The provided text is a 510(k) Summary for the RITA® StarBurst SDE Electrosurgical Device. This type of document is a premarket notification to the FDA to demonstrate that the device is substantially equivalent to a legally marketed predicate device. It typically focuses on demonstrating equivalence through device description, intended use, and performance data that shows the device meets its own specifications, rather than clinical studies rigorously proving efficacy against specific acceptance criteria for AI/ML devices.

Therefore, much of the requested information regarding AI/ML device study parameters (sample size for test set, data provenance, number of experts for ground truth, adjudication methods, MRMC studies, standalone performance, training set details) is not applicable or not available in this document.

Here's an analysis based on the provided text:

1. Table of Acceptance Criteria and Reported Device Performance

2. Sample size used for the test set and the data provenance:

• Not applicable / Not available. This document describes a physical electrosurgical device, not an AI/ML diagnostic or predictive system that uses a "test set" of data in the common AI/ML sense. The "testing" referred to is likely engineering and bench testing.

3. Number of experts used to establish the ground truth for the test set and the qualifications of those experts:

• Not applicable / Not available. Ground truth as understood in AI/ML (e.g., expert consensus on images) is not relevant to the testing described for this electrosurgical device.

4. Adjudication method (e.g., 2+1, 3+1, none) for the test set:

• Not applicable / Not available. Adjudication methods are not relevant to the type of device testing described.

5. If a multi-reader multi-case (MRMC) comparative effectiveness study was done, and what was the effect size of how much human readers improve with AI vs. without AI assistance:

• No. This is an electrosurgical device, not an AI-assisted diagnostic or treatment planning tool that would involve human readers.

6. If a standalone (i.e., algorithm only without human-in-the-loop performance) was done:

• Not applicable. This device is an electrosurgical tool and not an AI algorithm. Its performance is inherent to its design and function when operated by a human, not a standalone algorithmic output.

7. The type of ground truth used:

• For the "performance data" section, the "ground truth" would be the engineering and design specifications for the device. The testing verified that the device's electrical, mechanical, and functional properties conformed to these pre-defined specifications.

8. The sample size for the training set:

• Not applicable / Not available. This device does not involve a "training set" in the context of machine learning.

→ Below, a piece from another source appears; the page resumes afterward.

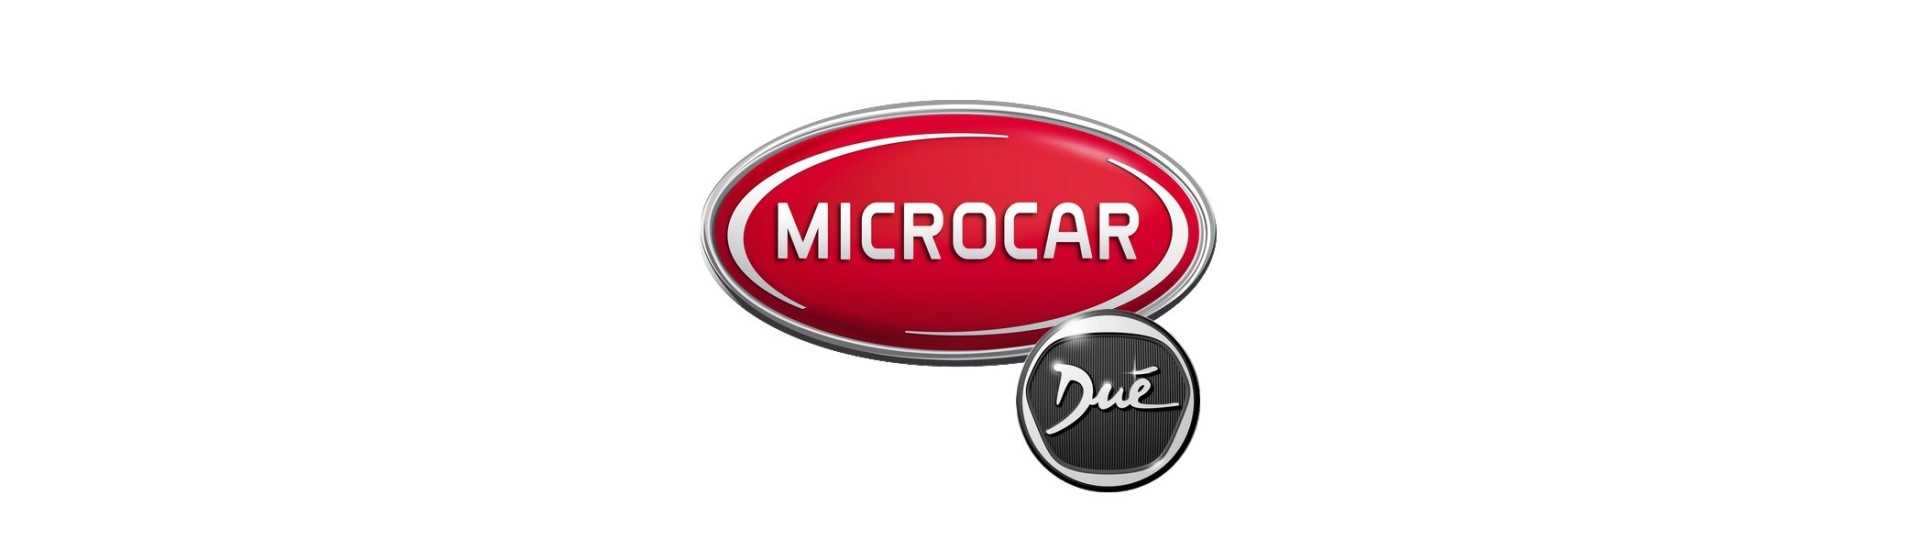 Paras auton hinta ilman lupaa Microcar Dué

9. How the ground truth for the training set was established:

• Not applicable / Not available. (See point 8).

Summary of the Study:

The "study" referenced in the document is a pre-market regulatory submission (510(k)) for a physical electrosurgical device. The performance data consists of:

• "A battery of electrical, mechanical, and functional testing" conducted on the StarBurst SDE devices.
• The objective of this testing was to "verify that the devices met the specifications."
• The outcome was that "The devices met the specifications."

This is fundamentally different from the type of studies typically conducted for AI/ML-based medical devices, which focus on diagnostic accuracy, sensitivity, specificity, and comparative effectiveness against human performance using patient data. For this electrosurgical device, the "acceptance criteria" were the internal design and performance specifications, and the "study" was the in-house engineering and bench testing to demonstrate compliance with those specifications.